* Exercise *
Keeping every word the same, give again only the lines from the one with "Splash pro AI" through the end of the data, both included, and leave every picture out.

* Information provided *
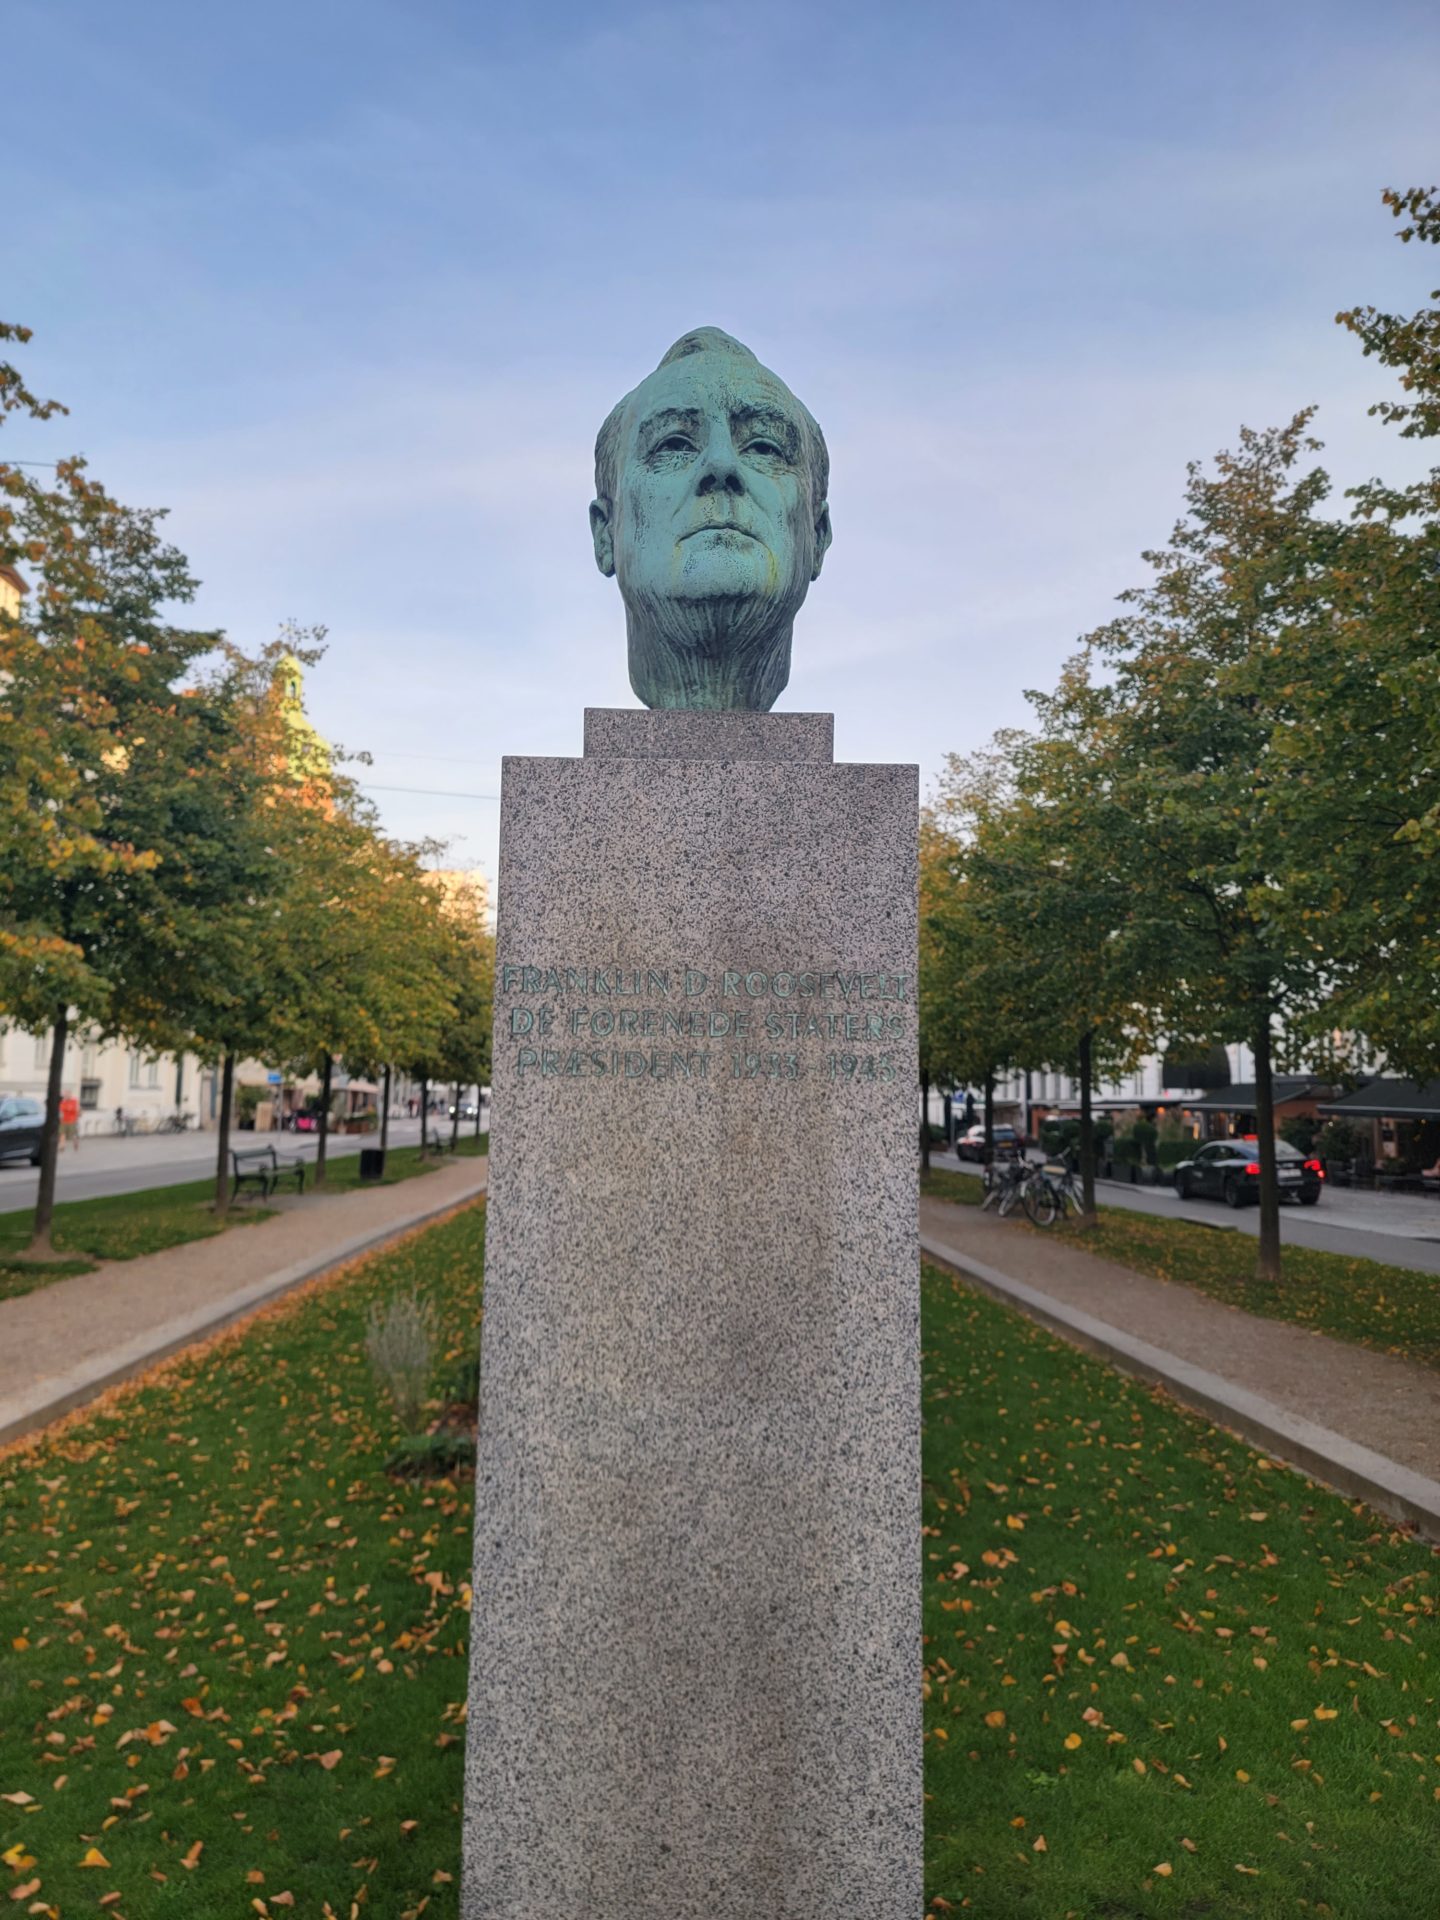 a statue of a man's head on a stone pedestal
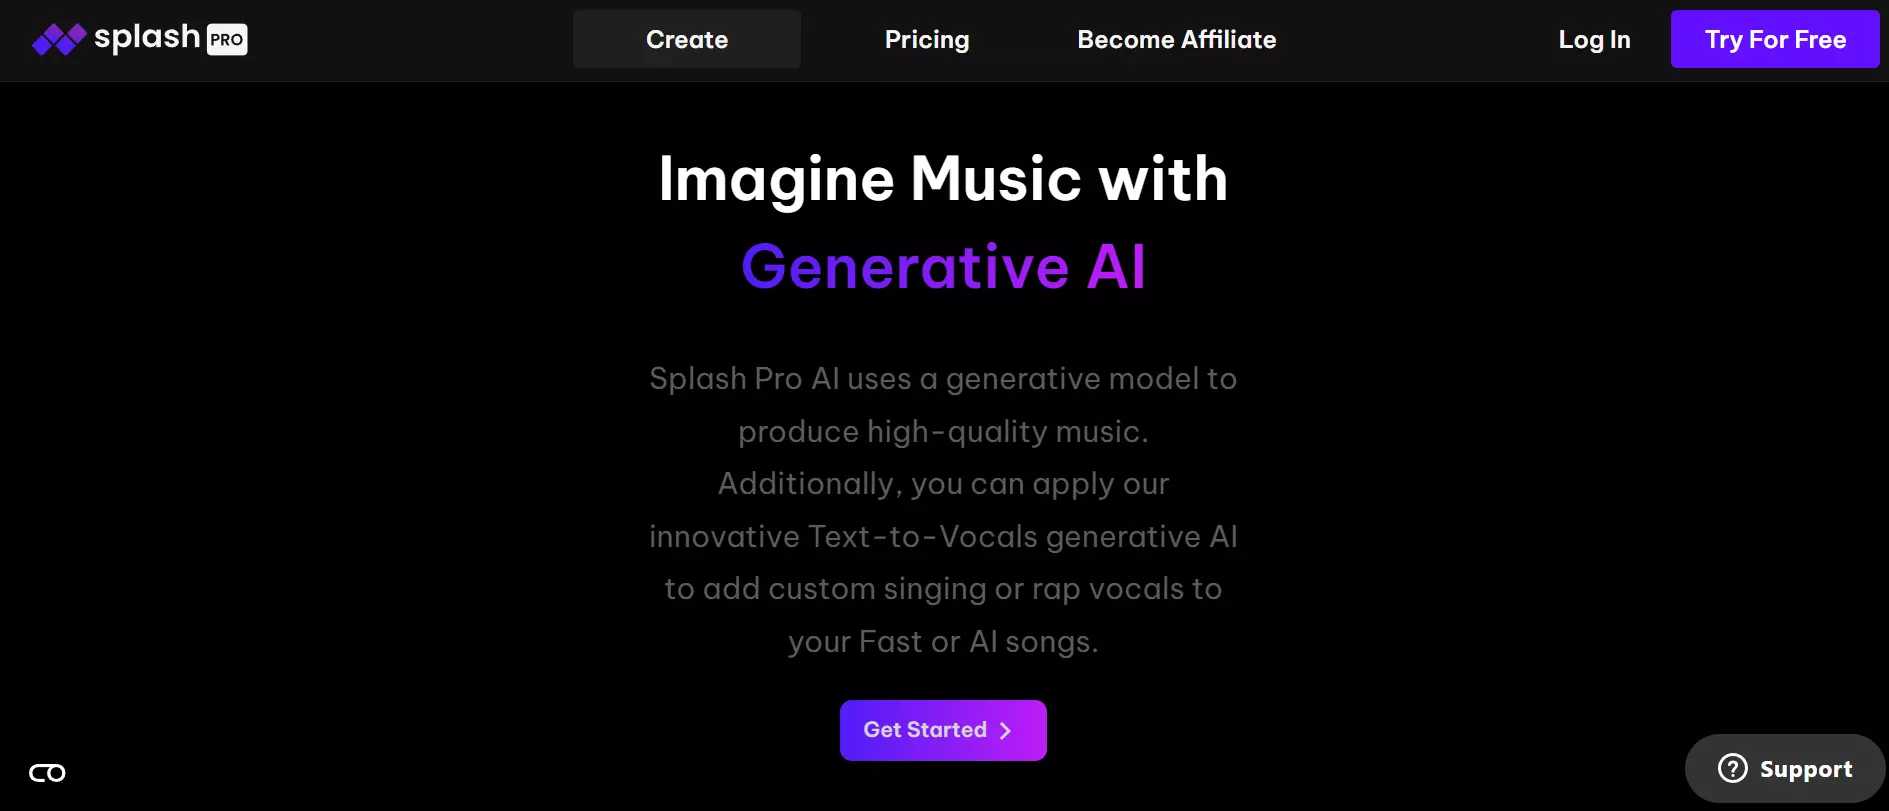 Splash pro AI tool used to generate music using ai
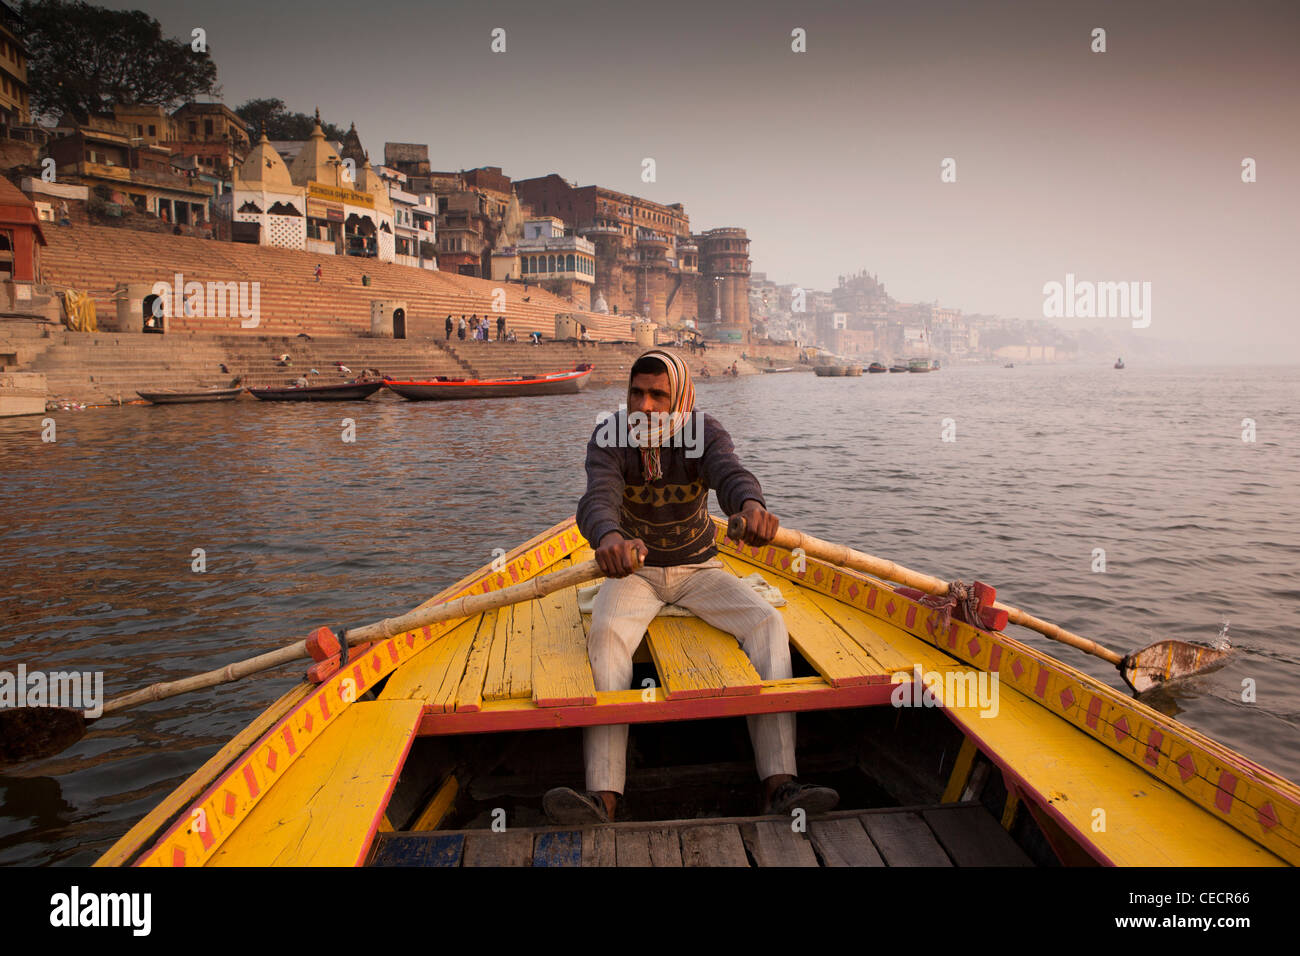 India, Uttar Pradesh, Varanasi, man rowing boat taking tourists on dawn tour on River Ganges Stock Photo

* Result *
 Splash pro AI tool used to generate music using ai
 India, Uttar Pradesh, Varanasi, man rowing boat taking tourists on dawn tour on River Ganges Stock Photo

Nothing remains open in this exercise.